**Source material:**

○ ○ ○ ○ ○

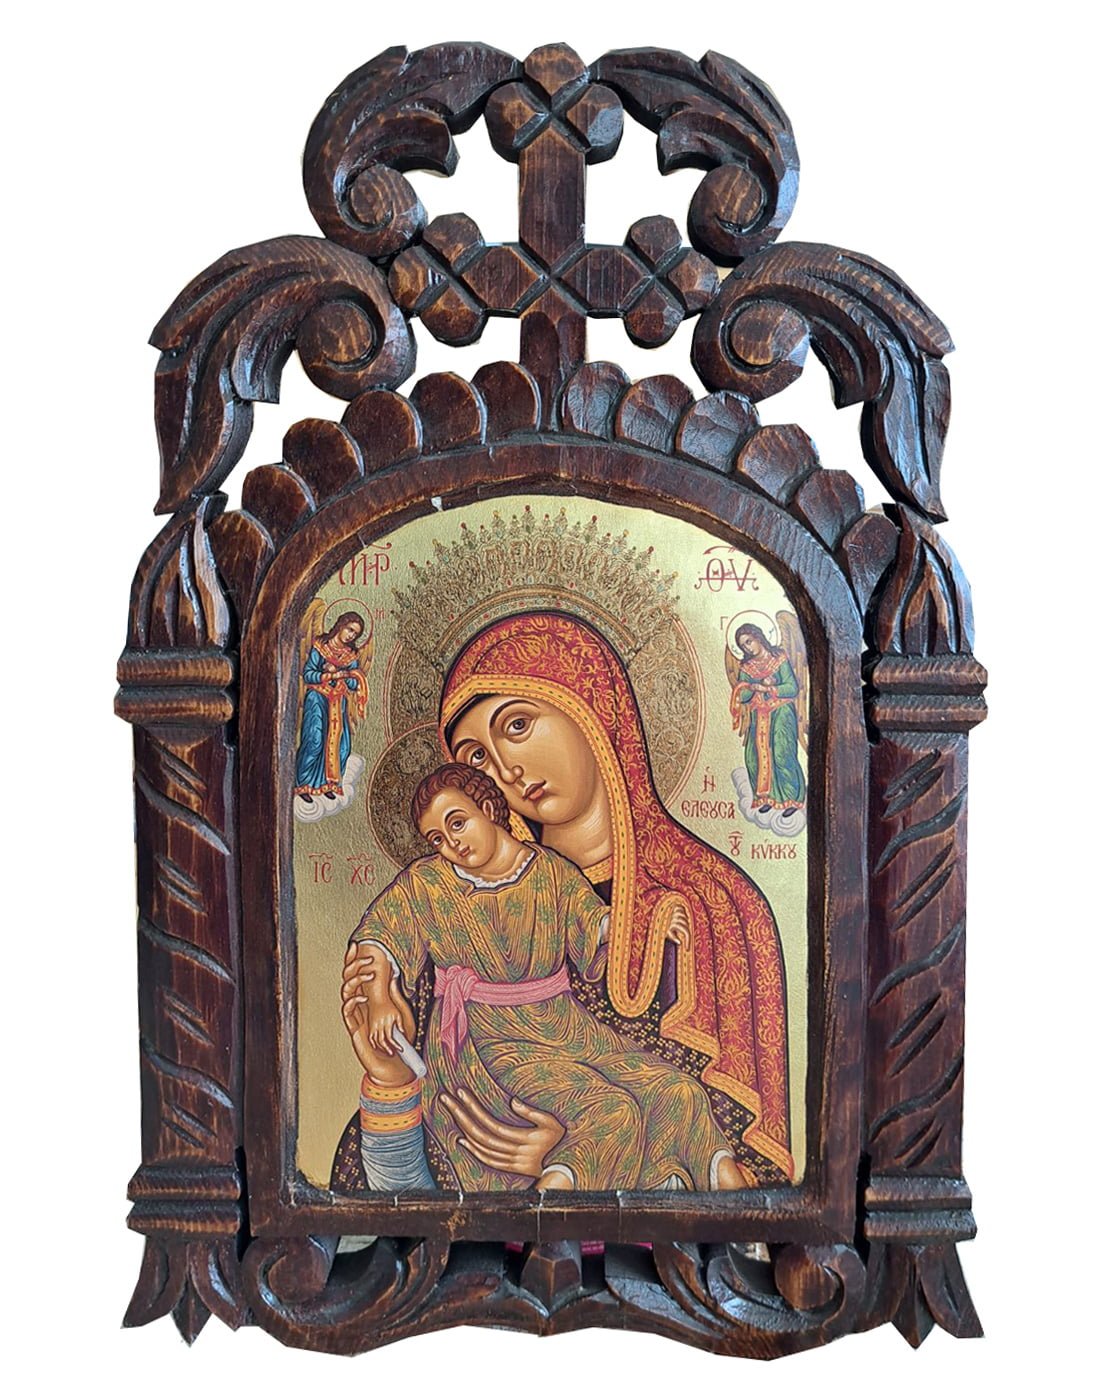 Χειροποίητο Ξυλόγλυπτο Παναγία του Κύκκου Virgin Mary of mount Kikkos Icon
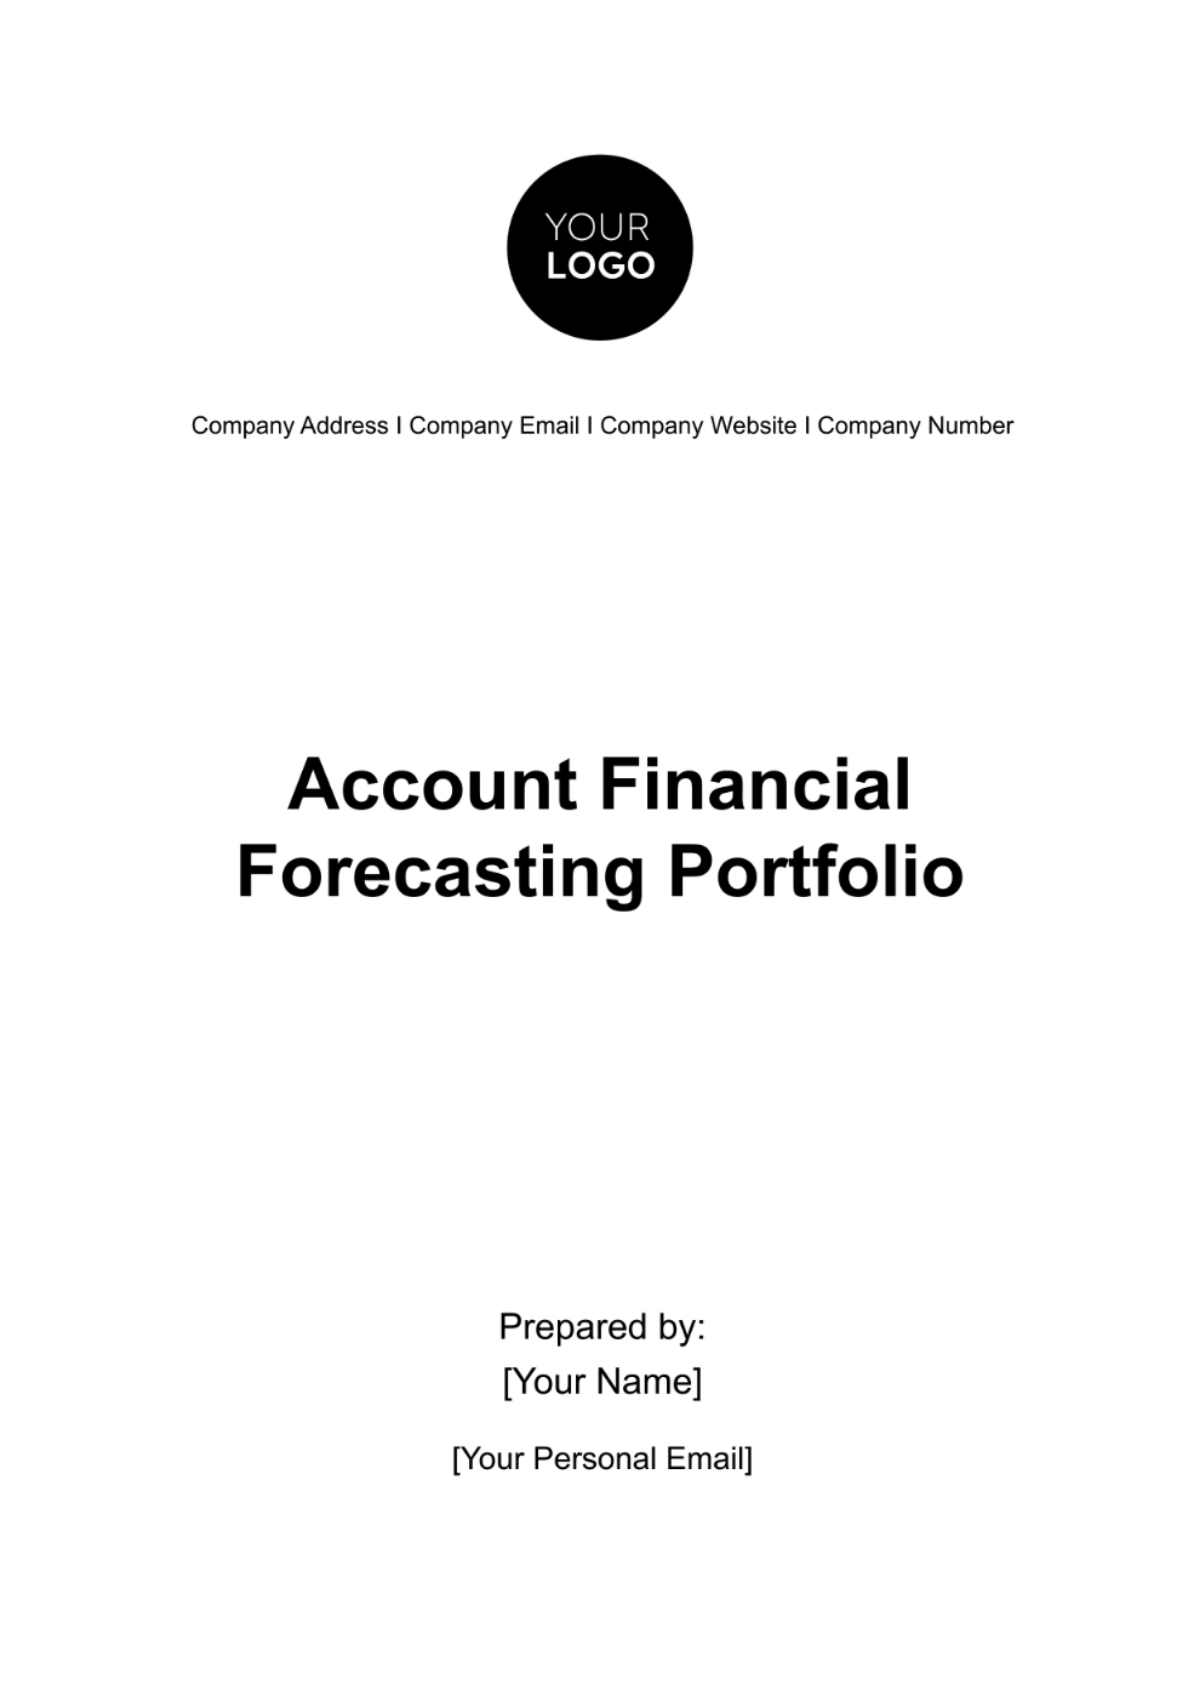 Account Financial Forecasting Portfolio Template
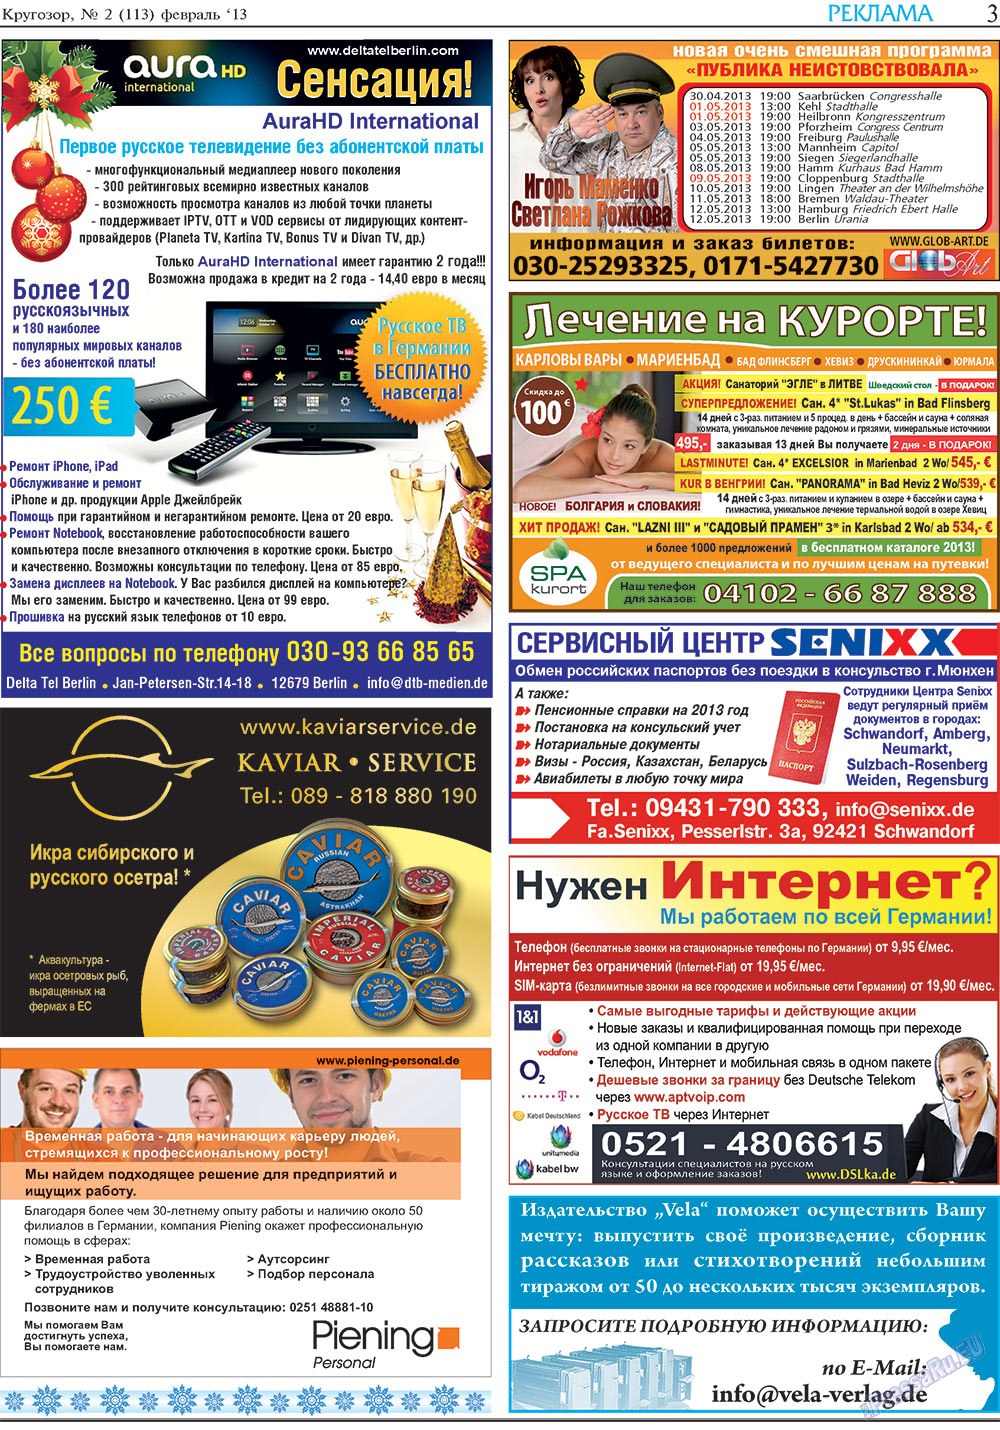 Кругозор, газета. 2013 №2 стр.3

○ ○ ○ ○ ○

**Exercise aim:**
Print the material above verbatim except the pictures.

**Task result:**
 Χειροποίητο Ξυλόγλυπτο Παναγία του Κύκκου Virgin Mary of mount Kikkos Icon
 Account Financial Forecasting Portfolio Template
 Кругозор, газета. 2013 №2 стр.3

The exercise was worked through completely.